Por LUIS PÉREZ-ORAMAS
Decía Paul Valéry, en un aforismo que pudiera Víctor Guédez añadir a esta enciclopedia de pensamientos que ha ido reuniendo —pequeños alephs de sabiduría que lo conducen—: “Sueño: llamamos sueño a cierto recuerdo. Llamamos sueño al recuerdo de un sueño”. Y más adelante: “Sueño es aquello que puede ser convertido en sueño. Cuando despertamos”. Freud, que reinventó la palabra ‘figurabilidad’, nos dejó el abanico abierto de esas tres cifras que se juntan en aquello de nunca llegar a ser hasta más tarde: el sueño, la figurabilidad y, por supuesto, la memoria.
Vivimos a merced del olvido. Pero en nosotros vive, latente, sin que sepamos, el reservorio magnífico de lo inolvidable. Y un día cualquiera, como el sueño, como la memoria, como la intensidad figural haciéndose a la vez extensa y concreta en las figuras, lo inolvidable retorna en nosotros y nos hace saber que el olvido, despertando, incesantemente nos trabaja, y alimenta nuestra savia.
Un día de mi infancia entré, de la mano de mi padre, a la casa de Víctor Guédez. No sabía —como no sabemos nada en la infancia, ese lugar sin voz en el que las palabras de otros comienzan a hacer su nicho en nosotros— en casa de quién entraba. Tampoco recordaba, hasta hace muy poco tiempo, haber ido a esa casa, haber entrado en ese recinto.
Sucede que pocas semanas atrás, durante la clausura forzada por la pandemia, nos tocó celebrar (y a quienes fuimos recipiendarios, también agradecer) la otorgación de los premios AICA, capítulo Venezuela. Entonces, en uno de esos encuentros ‘virtuales’, yo pude ver a Víctor en su casa, rodeado por infinitas bibliotecas. En ese instante volvió lo inolvidable a mí, como a veces vuelve el sueño. Y pude entonces despertar a la memoria de aquel día de infancia, cuando entré, de la mano de mi padre, a la casa de Víctor Guédez.
Vino a mí como una imagen precisa, nítida, impecable.

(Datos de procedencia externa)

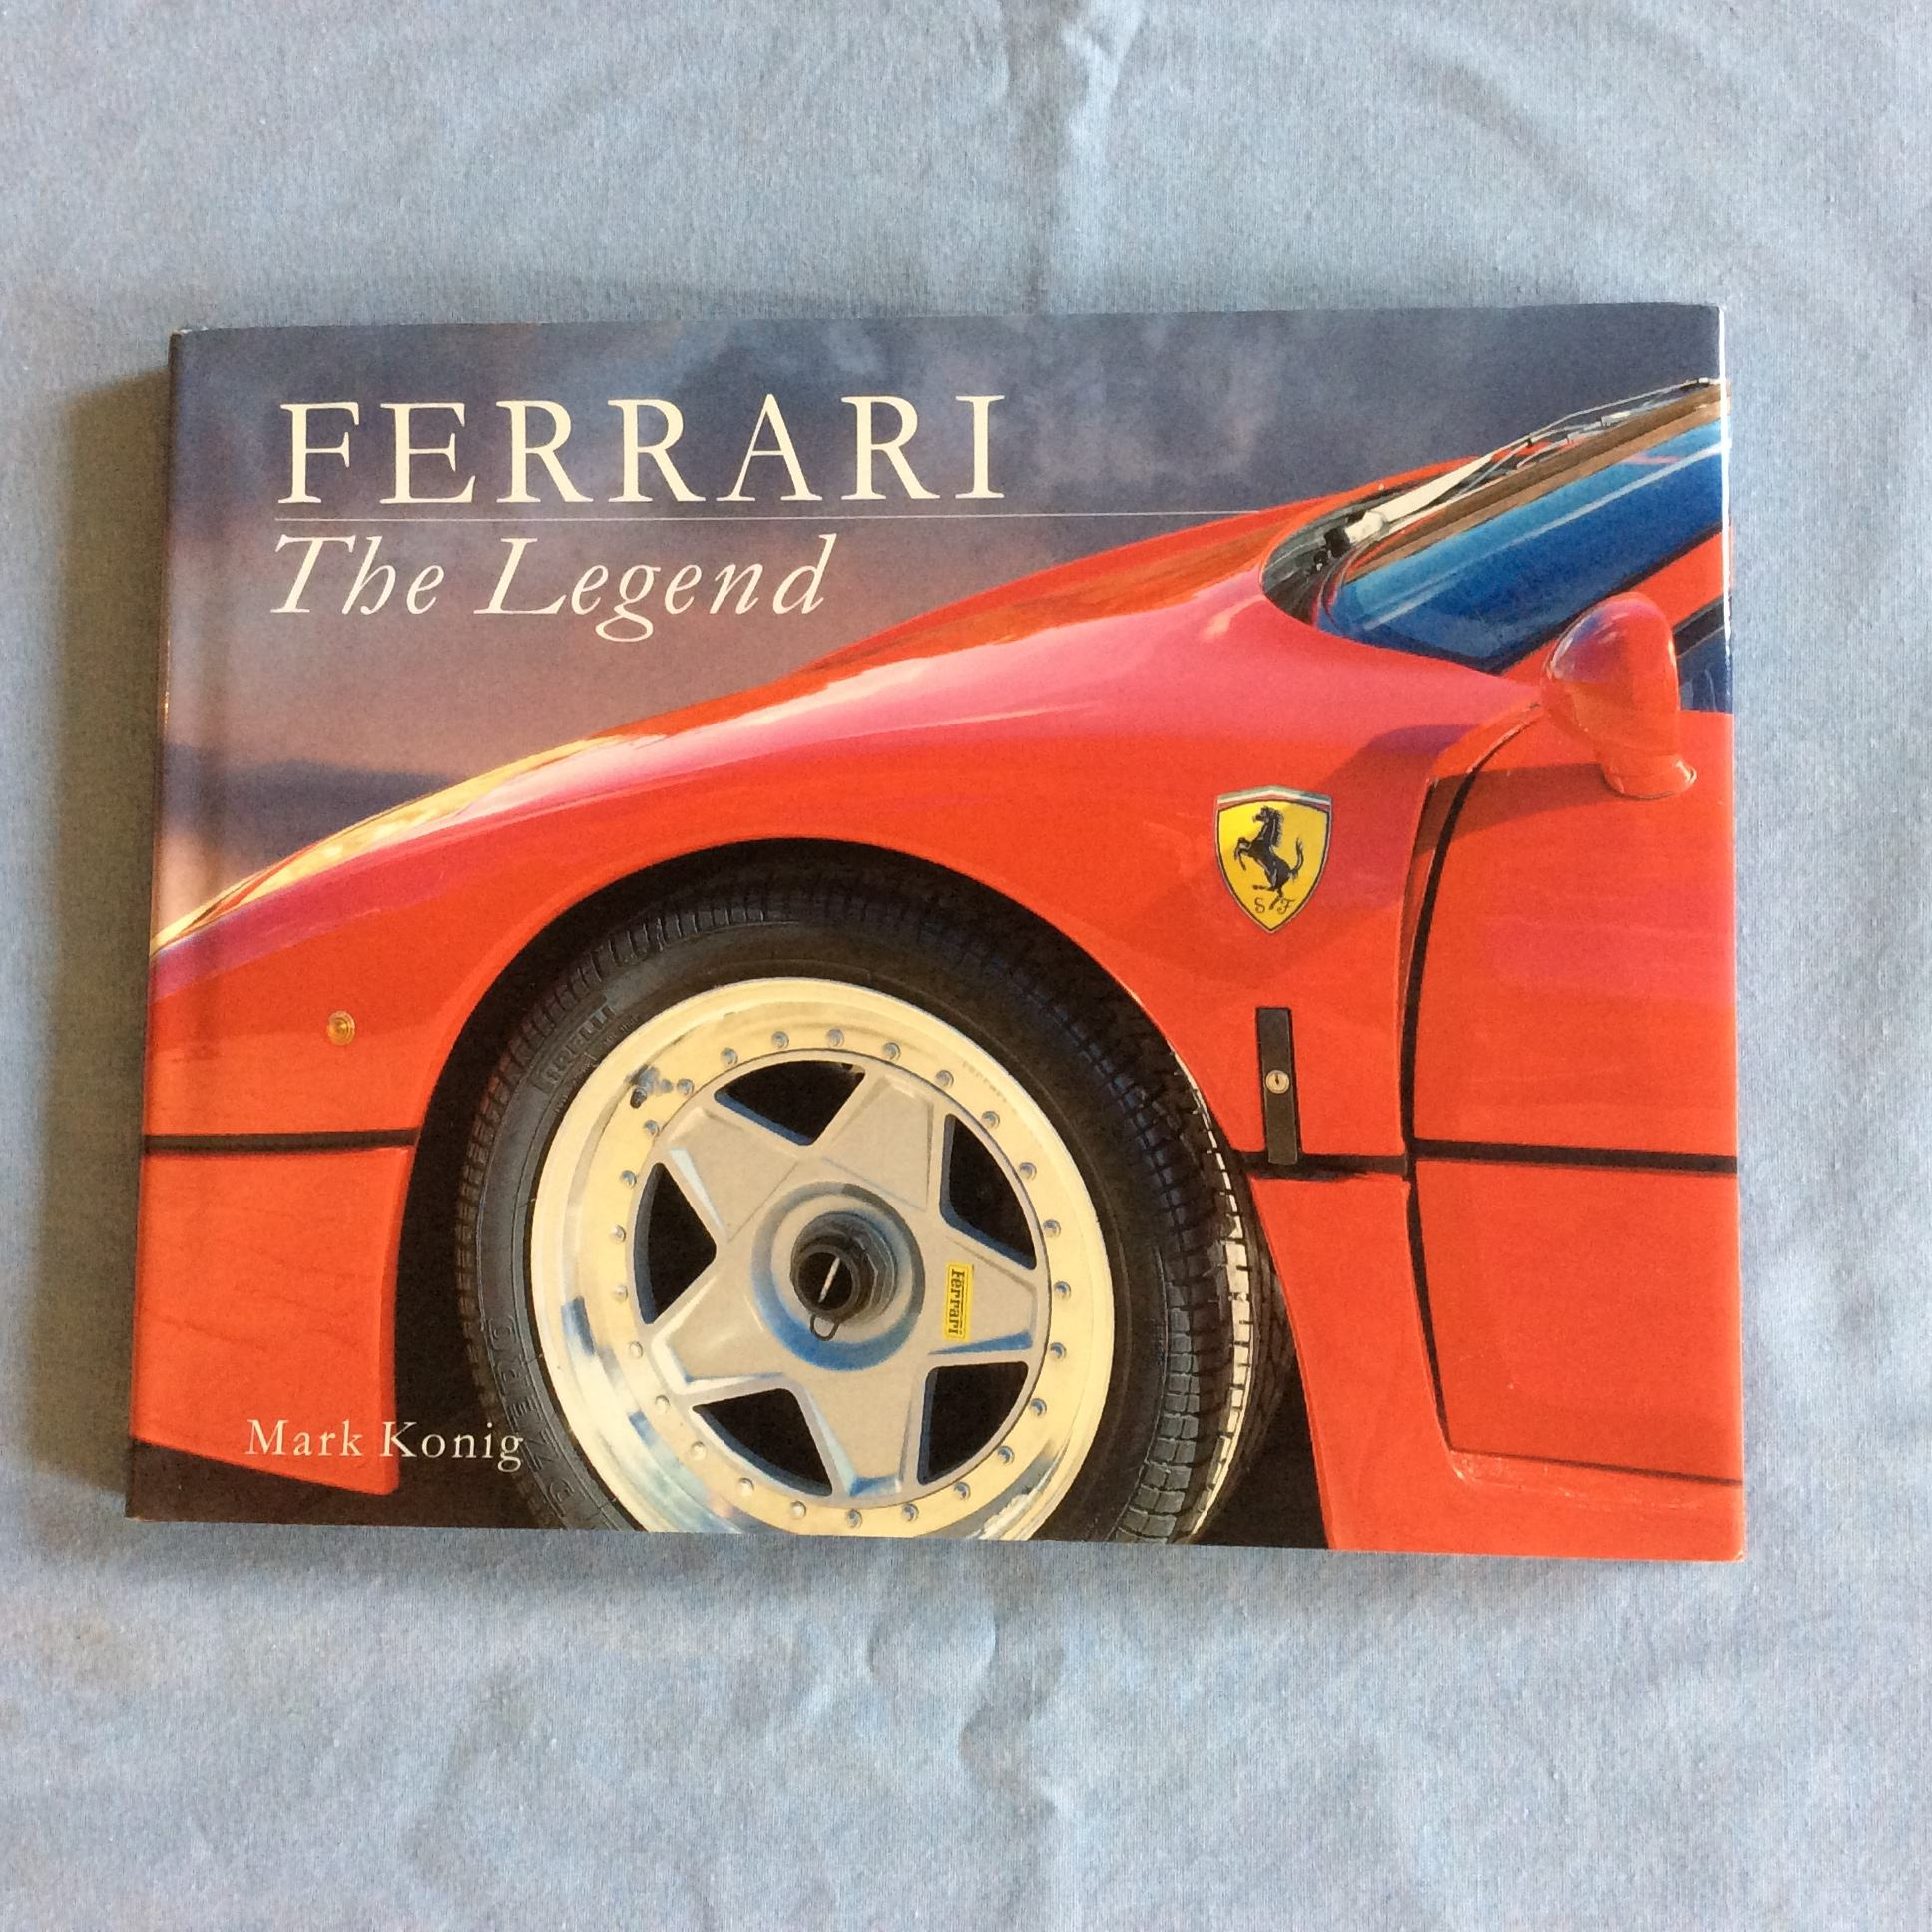 Ferrari Memorabilia: Other Cars, Memorabilia Ferrari The Legend Book

Era la vívida memoria de una casa plena de obras de arte, y con ello la primera experiencia que tuve en mi existencia de una colección, tal como puedo llamarla hoy con un nombre que entonces me faltaba.
Aquel primer asombro fue, como también solo puedo saberlo hoy, un evento formador —quizás también transformador— en mi vida. Me he dedicado por largos años, en buena parte, a estar en el corazón de colecciones de arte —privadas, públicas, personales, ficticias, legendarias—; he contribuido a formar algunas; pero sin duda la primera fue aquella casa de Víctor Guédez en la que las obras se acumulaban ante mis ojos inmensamente abiertos y sin voz, de suelo a techo, como los libros que lo rodeaban el día en que lo inolvidable se hizo en mi memoria nuevamente.
Otro aforismo, éste sí absolutamente conductor de mis investigaciones y de mi escritura en materia de historia del arte, encontrado entre las páginas de Pascal Quignard, viene al caso: “Aquello que olvidamos no nos olvida”.
Valgan estas líneas, a la entrada de otra colección de Víctor Guédez, esta vez de pensamientos aforísticos, percutantes, de brevedad y sabiduría, en la palabra de tantos otros que este libro reúne. Le he dicho a Víctor, casi en forma de disculpa, que en mi apenas juventud (porque al final la vida nos iguala) me esforzaba por entender la amplitud de los registros de su gusto, y de su inteligencia crítica. Hoy sé que su oficio ha sido constante en construir y defender esa amplitud de registro, y por ello este libro es más que una colección: es también una cifra de su obrar, el monograma en forma de enciclopedia manual de pensamientos que lo ha acompañado.
Víctor Guédez no ha cesado de frecuentar el hacer de nuestros artistas, y esa larga y fructífera jornada crítica, acometida en el tiempo en que nuestra escena artística multiplicaba su orfandad, es también una lección: aquella de una vocación hacia el hacer —y como en este libro, hacia el pensar— de los otros desde donde, como en lo inolvidable que retorna, es siempre posible imaginar el futuro.